Required action » Could you copy exactly the lines below from the one with "2014 Talbott Chardonnay" to the one with "5-Pack: Women's Super-Soft", inclusive, leaving out any pictures?

Working data »
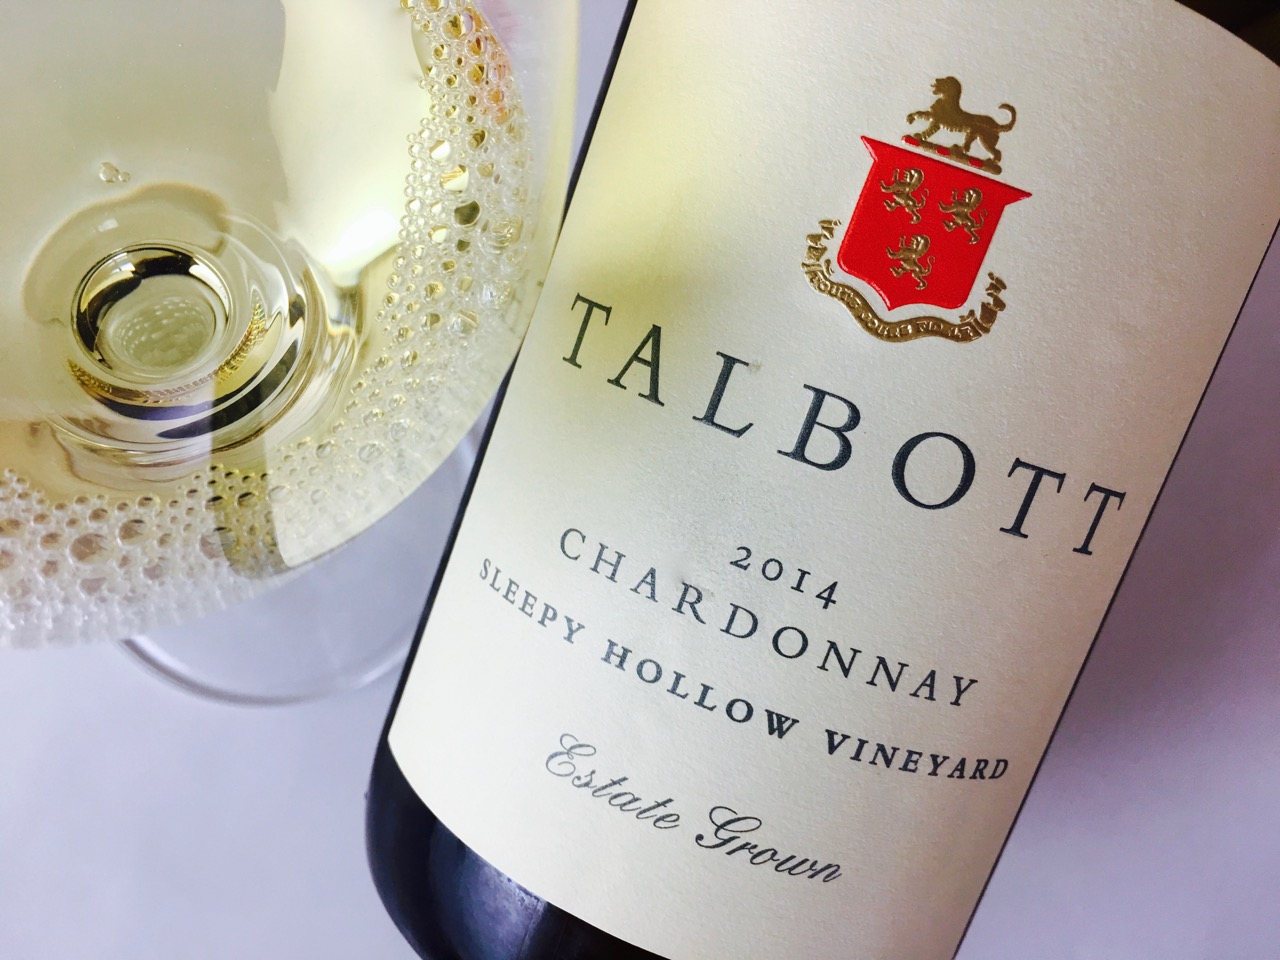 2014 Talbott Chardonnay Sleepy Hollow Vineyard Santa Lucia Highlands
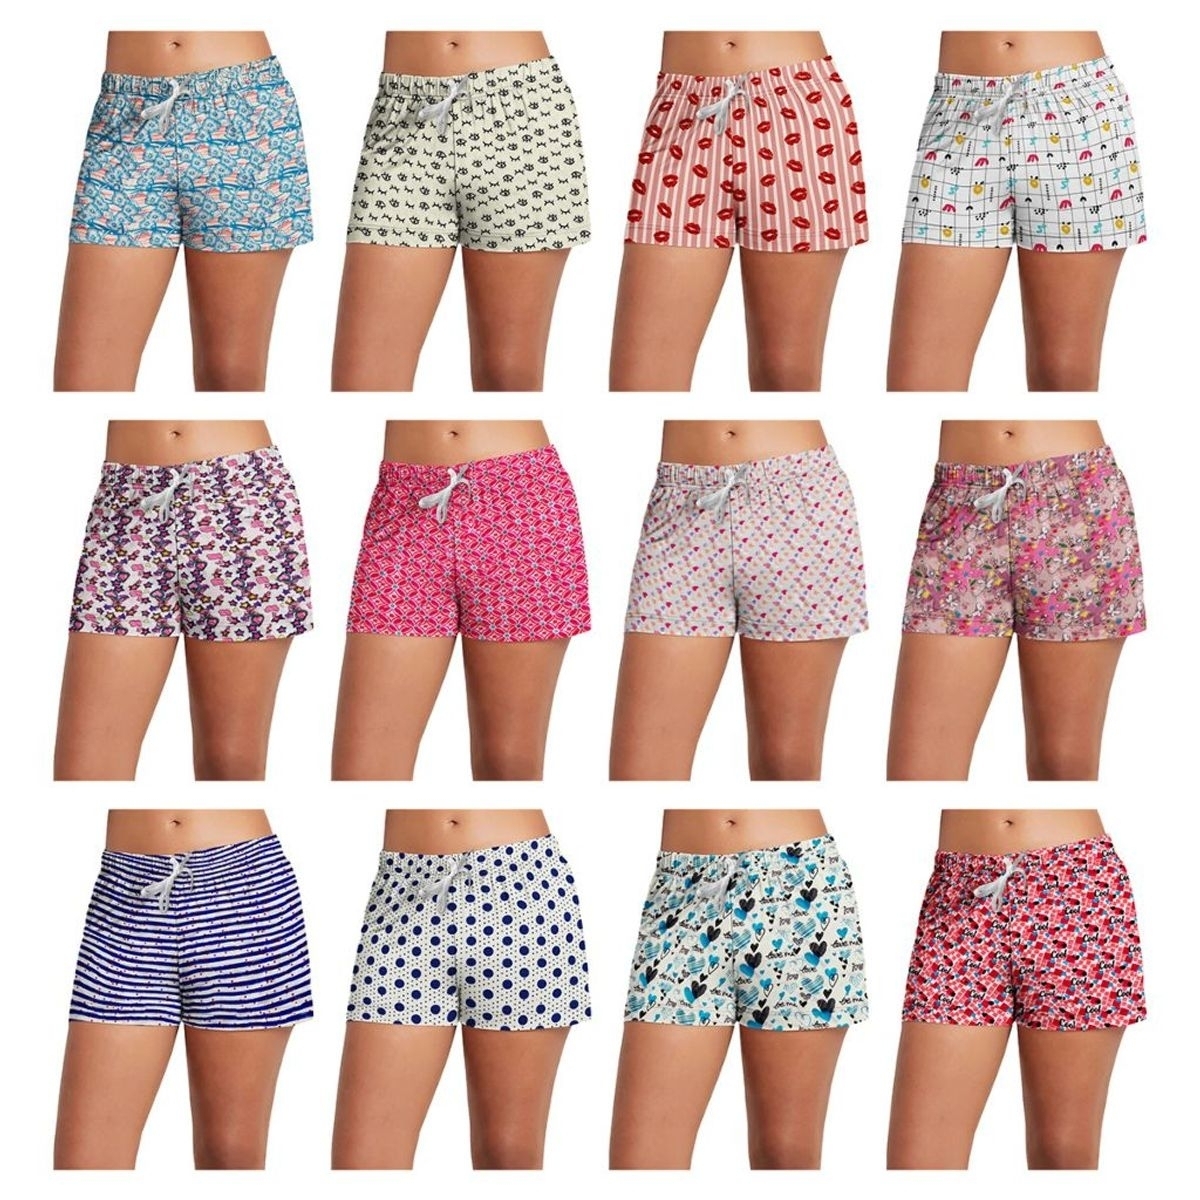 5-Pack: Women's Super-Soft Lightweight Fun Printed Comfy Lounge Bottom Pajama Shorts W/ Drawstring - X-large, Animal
* * *
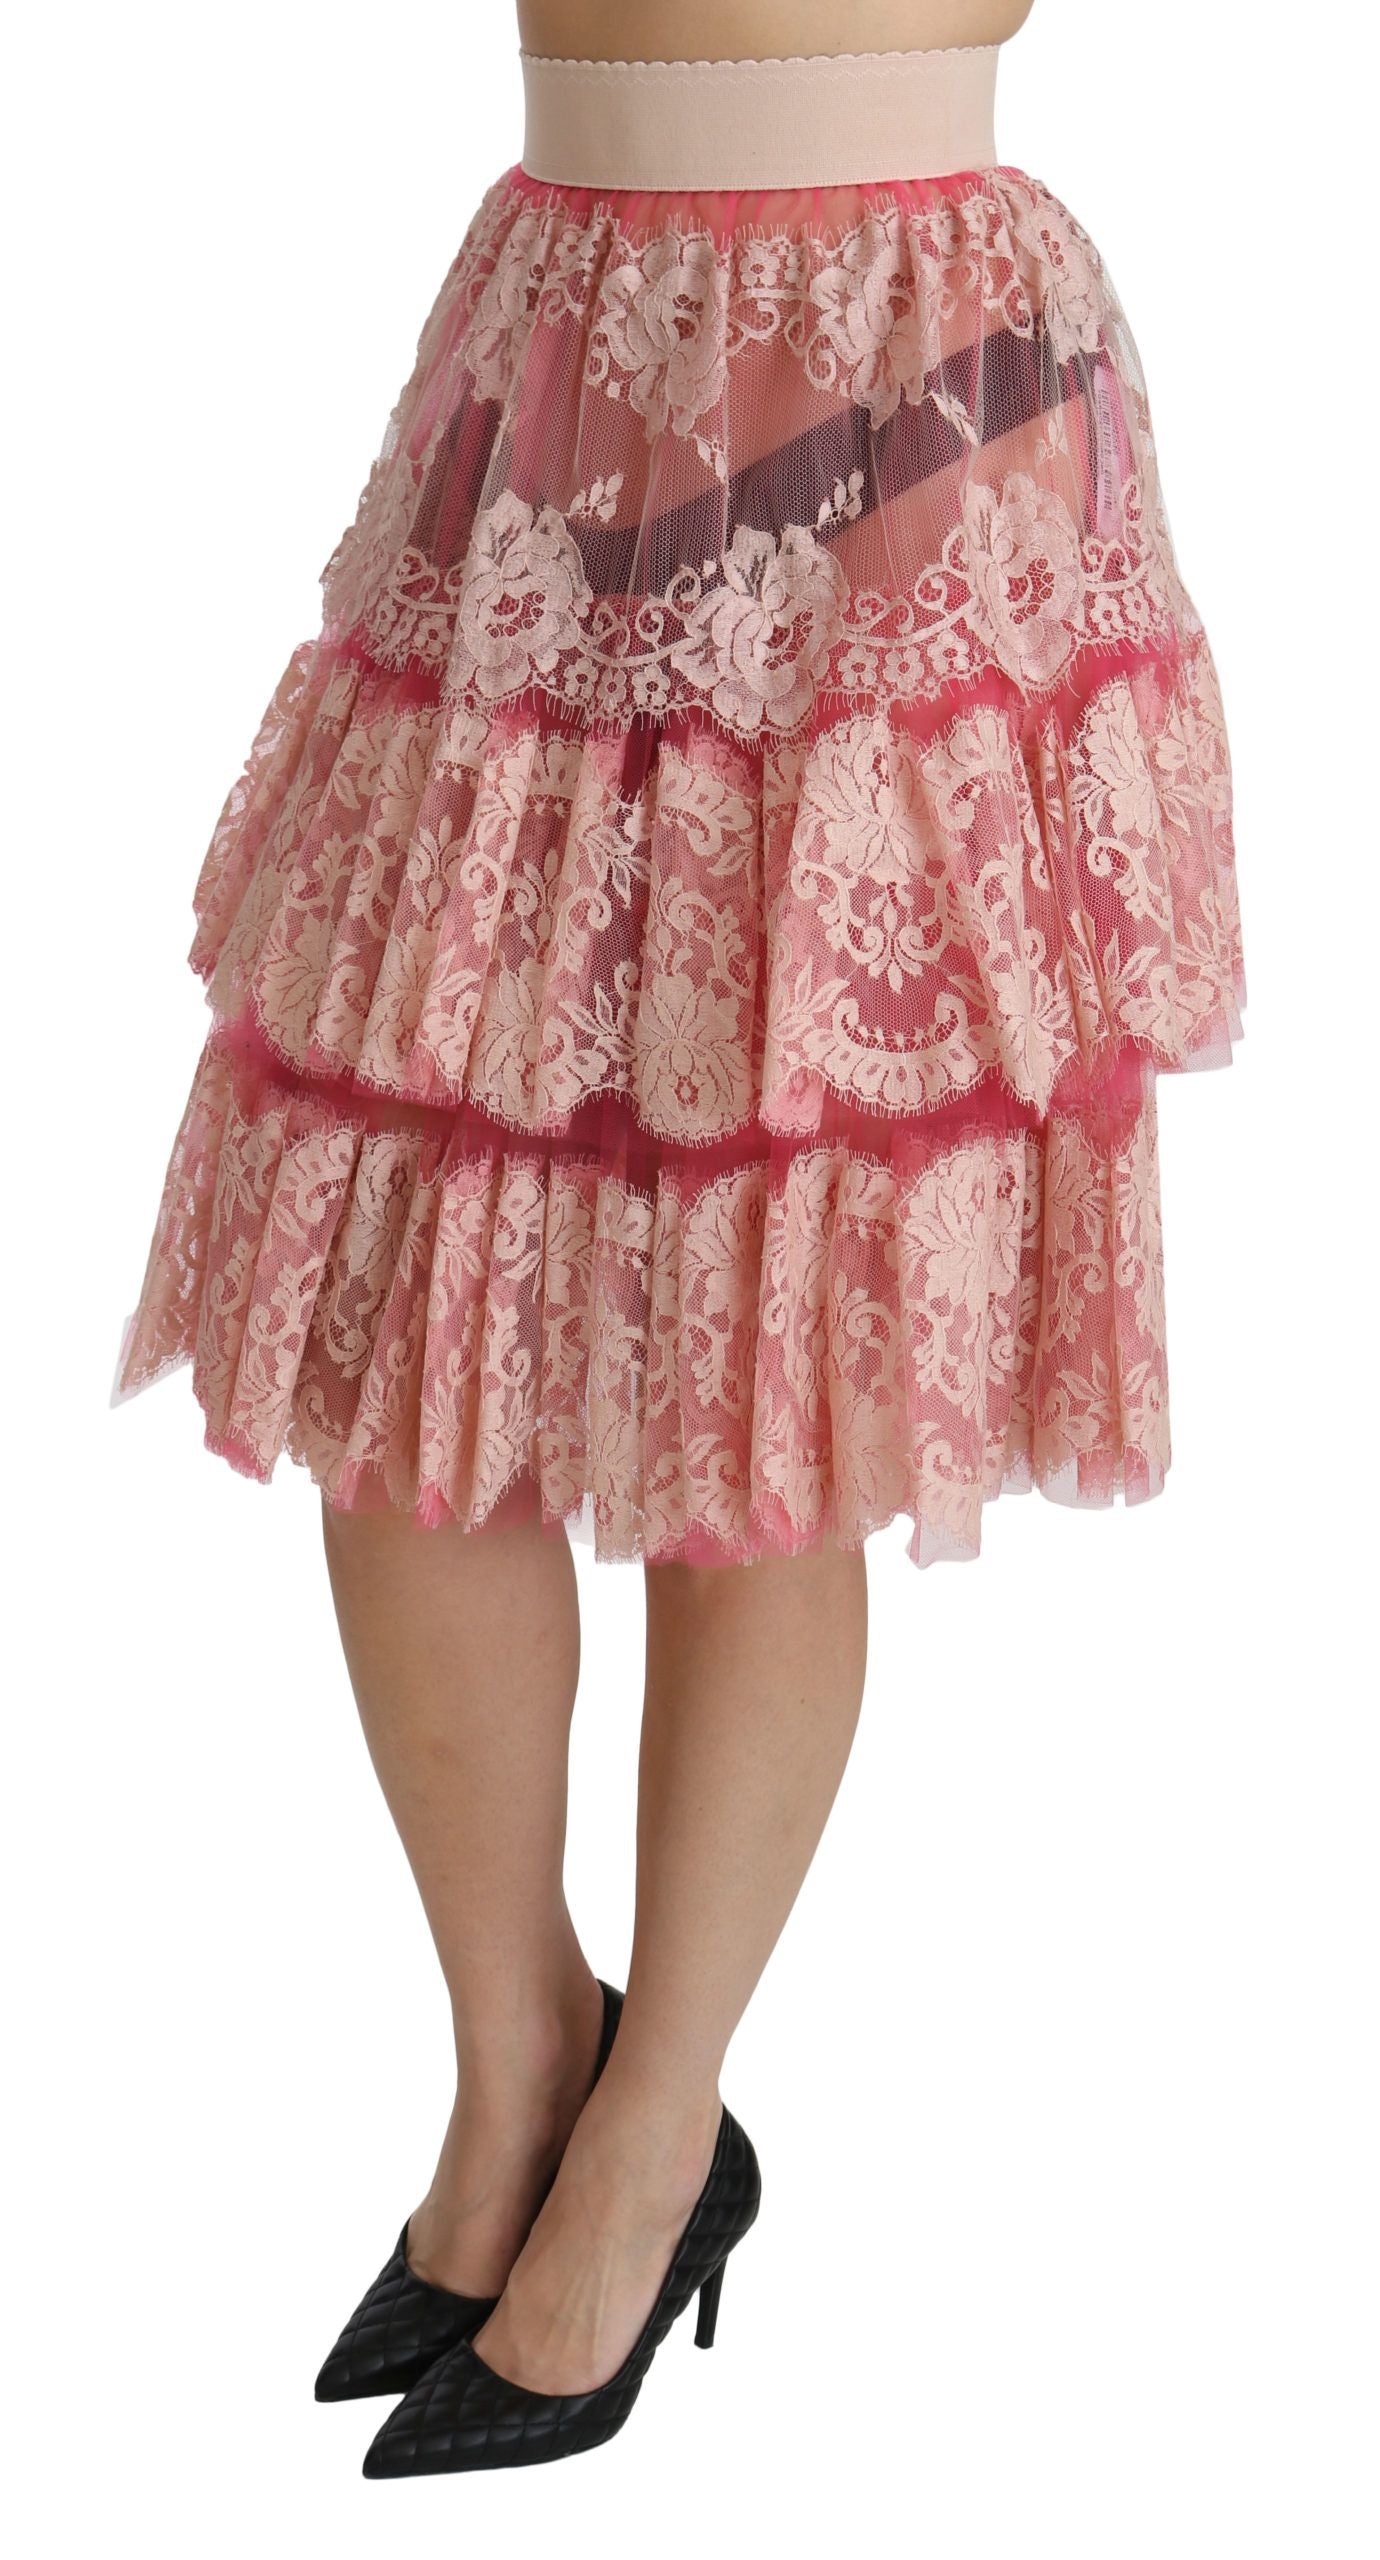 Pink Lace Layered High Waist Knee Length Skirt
==
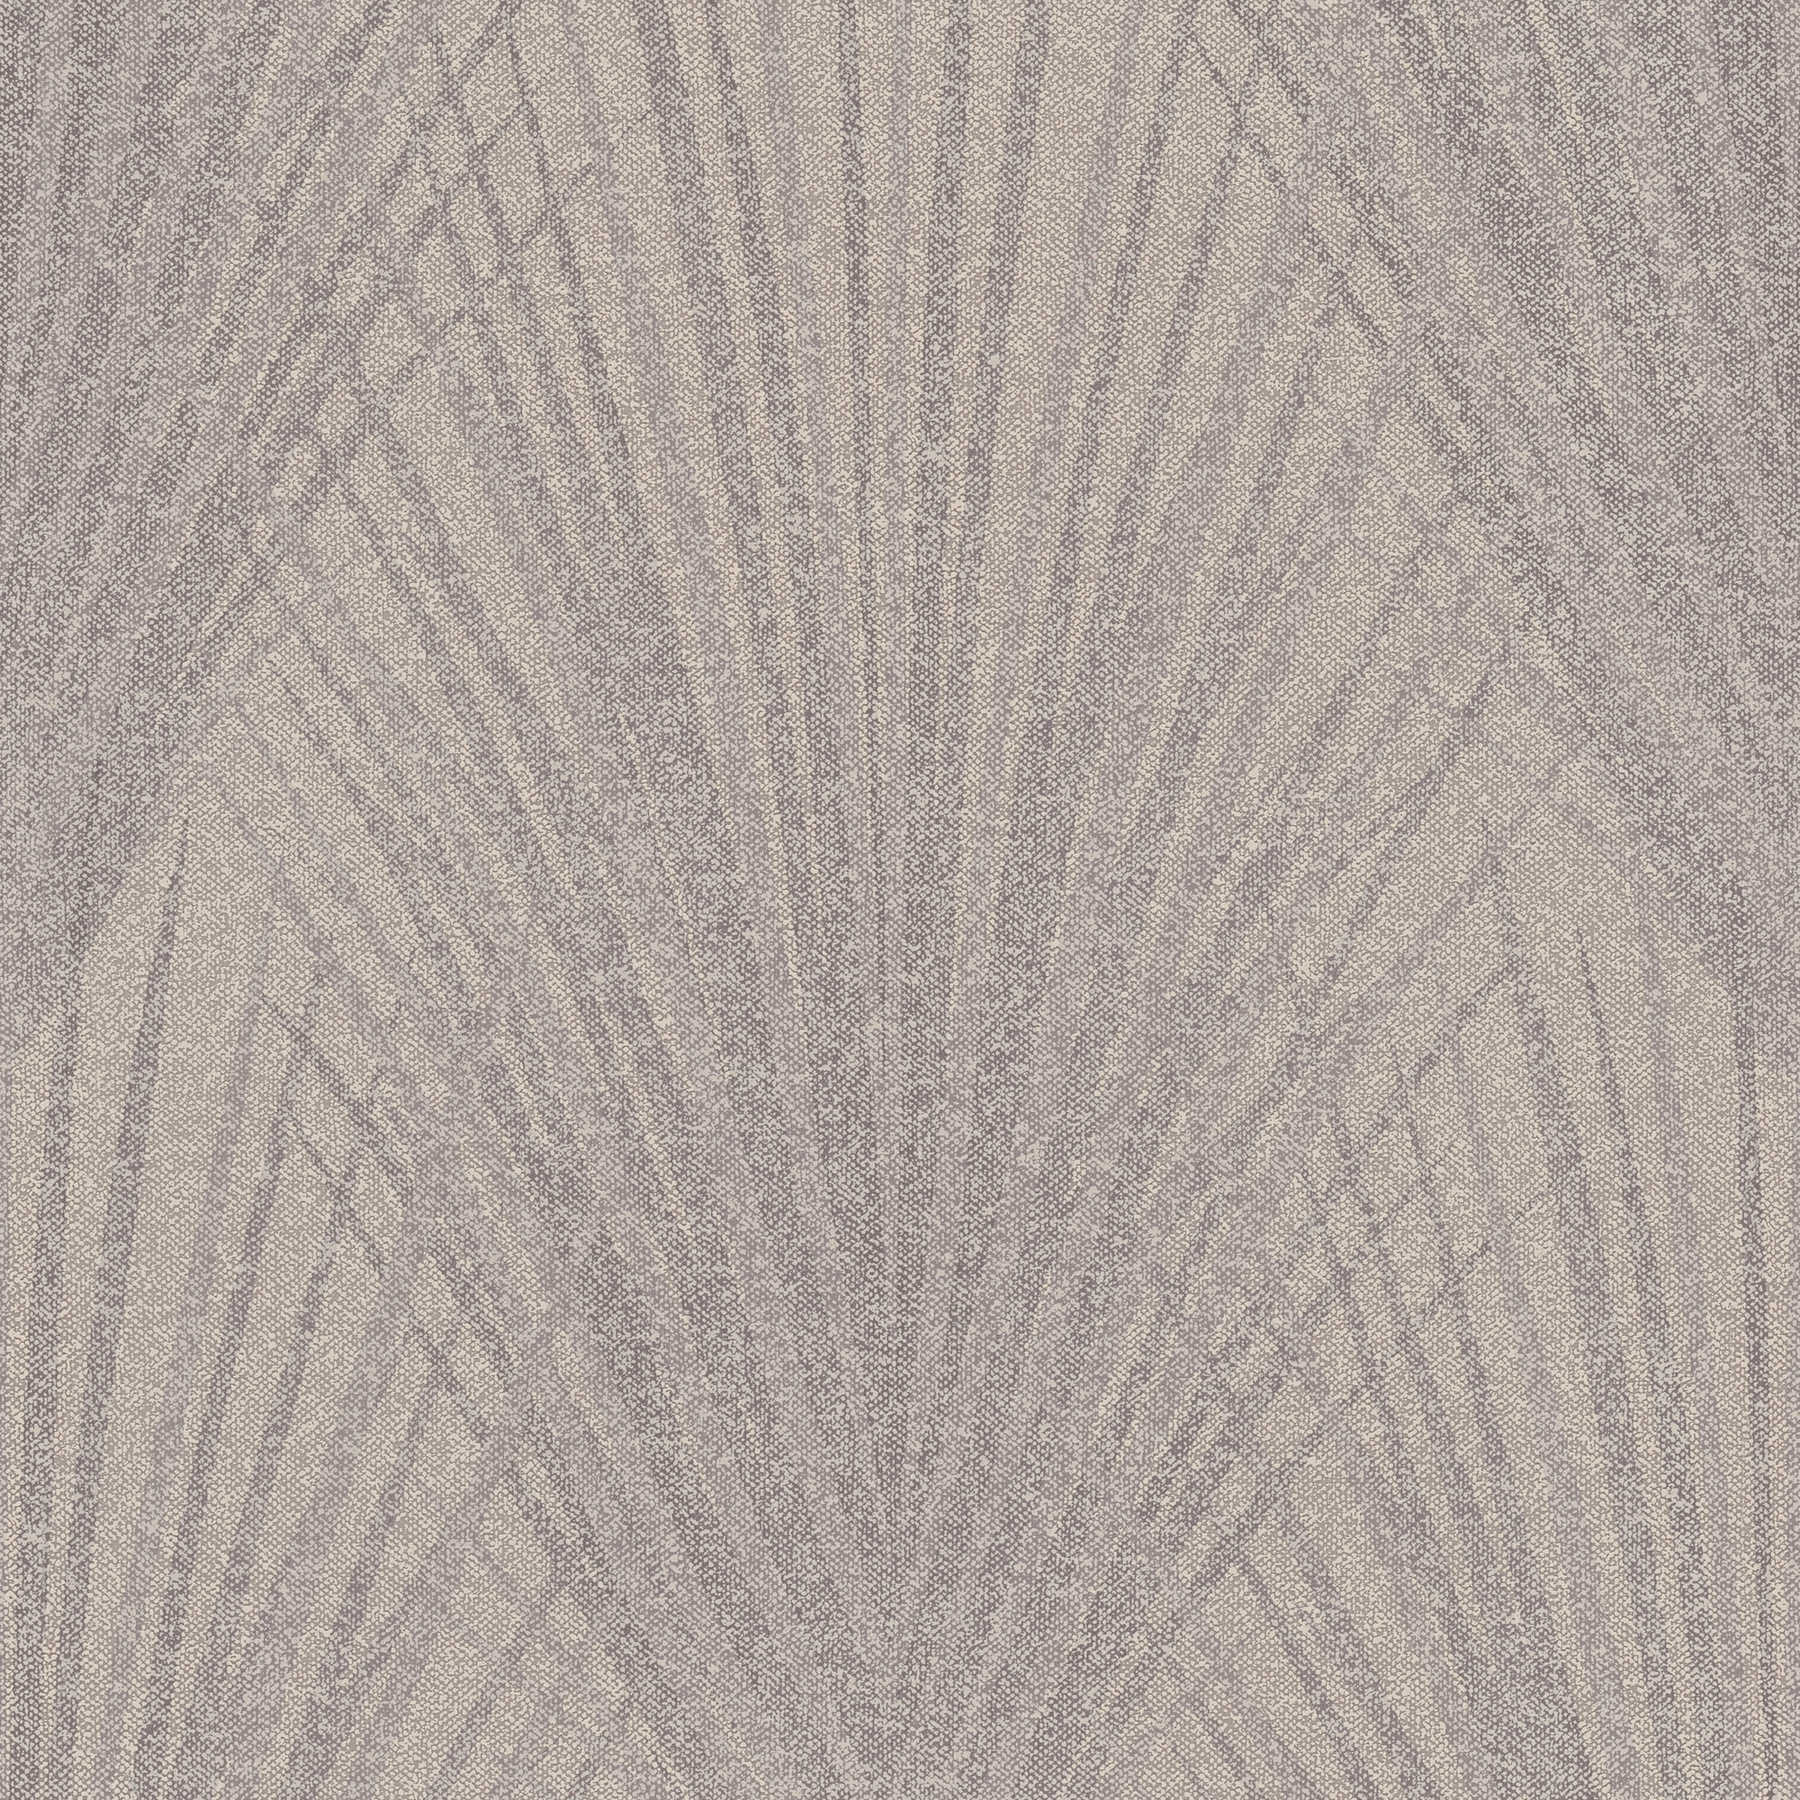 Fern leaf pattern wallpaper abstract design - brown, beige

Output of the task »
 2014 Talbott Chardonnay Sleepy Hollow Vineyard Santa Lucia Highlands
 5-Pack: Women's Super-Soft Lightweight Fun Printed Comfy Lounge Bottom Pajama Shorts W/ Drawstring - X-large, Animal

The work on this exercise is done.